United States District Court, D. Arizona
Jan 30, 2009
CR 08-1305-PHX-GMS (D. Ariz. Jan. 30, 2009)

Opinion

CR 08-1305-PHX-GMS.

January 30, 2009


ORDER


Defendant filed a Motion to Suppress evidence obtained as the result of an illegal detention in violation of the Fourth Amendment. (Dkt. # 9.) The United States responded thereto. (Dkt. # 11.) An evidentiary hearing occurred on January 7, 2009. After the hearing, Defendant requested and was permitted the opportunity to submit a supplement to her motion. (Dkt. # 17.) The United States responded to this supplemental briefing (Dkt. # 20) and the Defendant replied (Dkt. # 21). After considering all of the evidence and the arguments, Defendant's Motions to Suppress are denied for the following reasons.

BACKGROUND

In this case, a Scottsdale resident whose mail was being stolen provided the United States Postal Investigation Service with video footage taken on September 18, 2008, that demonstrated mail was being taken from the resident's mail box without authorization. The mail was taken from the box by a female driving a white Plymouth Breeze with a Texas license plate. The female suspect appeared to be wearing pig tails and sunglasses. The videotape was reviewed at least ten times by Postal Inspector Greg Torbenson. He discerned the make and model of the vehicle and then the number on the Texas license plate. He was subsequently able to determine through a series of inquiries that the car belonged to a man who lived in a Budget Suites Motel in Phoenix with the Defendant. Personnel at the Budget Suites confirmed that a woman was living at the motel with the owner of the car, and when the Defendant's identification photograph was obtained, it was similar to the person in the surveillance photograph.

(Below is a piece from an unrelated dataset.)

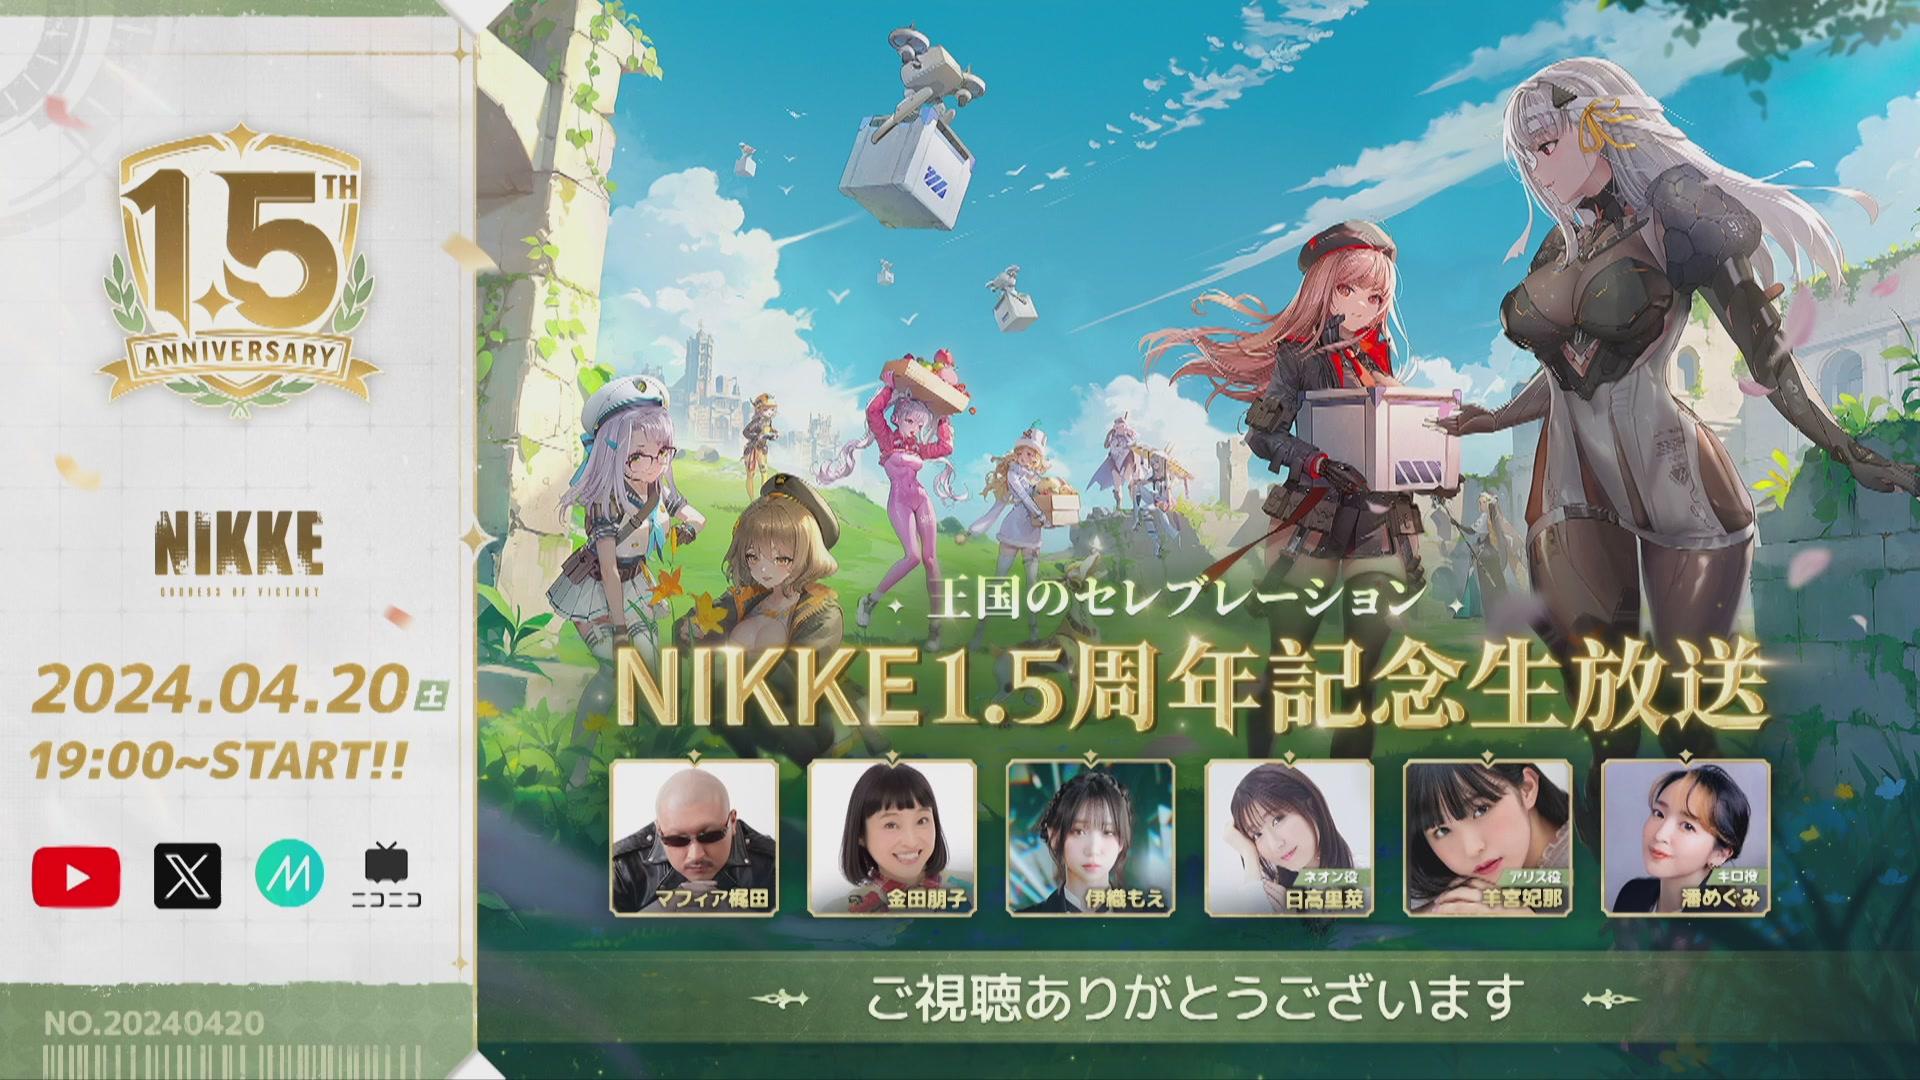 Profile Image for NIKKE_japan

The United States Postal Investigation Service obtained the assistance of the Phoenix Police Department in setting up a surveillance operation on the Defendant on October 21, 2008. On that morning, Defendant walked for approximately two hours through residential neighborhoods close to the Budget Suites in which she was living. The officers conducting the surveillance believed that the Defendant appeared to be the same woman shown taking the mail in the Scottsdale surveillance photographs. During the course of her walk through the residential neighborhoods, the Defendant was out of sight of the officers on several occasions. Although the officers never observed the Defendant violating the law, the postal inspector observed her looking over her shoulders, apparently attempting to discern if she was being observed or followed.

At approximately 12:55 PM, the postal inspector instructed Phoenix uniformed police officers — Ashmore and Huskinson — to detain the Defendant until he could question her further. The Defendant was approached by the officers while she was using the pay phone outside a Circle K. The officers were in uniform and asked her to terminate her call and further informed her that detectives would like to speak with her. They informed the Defendant that she was not under arrest but did request permission to search her backpack. The Defendant declined to give such consent. While they waited for the postal inspectors to arrive, the Defendant requested a cigarette and one was provided for her. She was not handcuffed or placed in a patrol car, nor was she informed that she was free to leave.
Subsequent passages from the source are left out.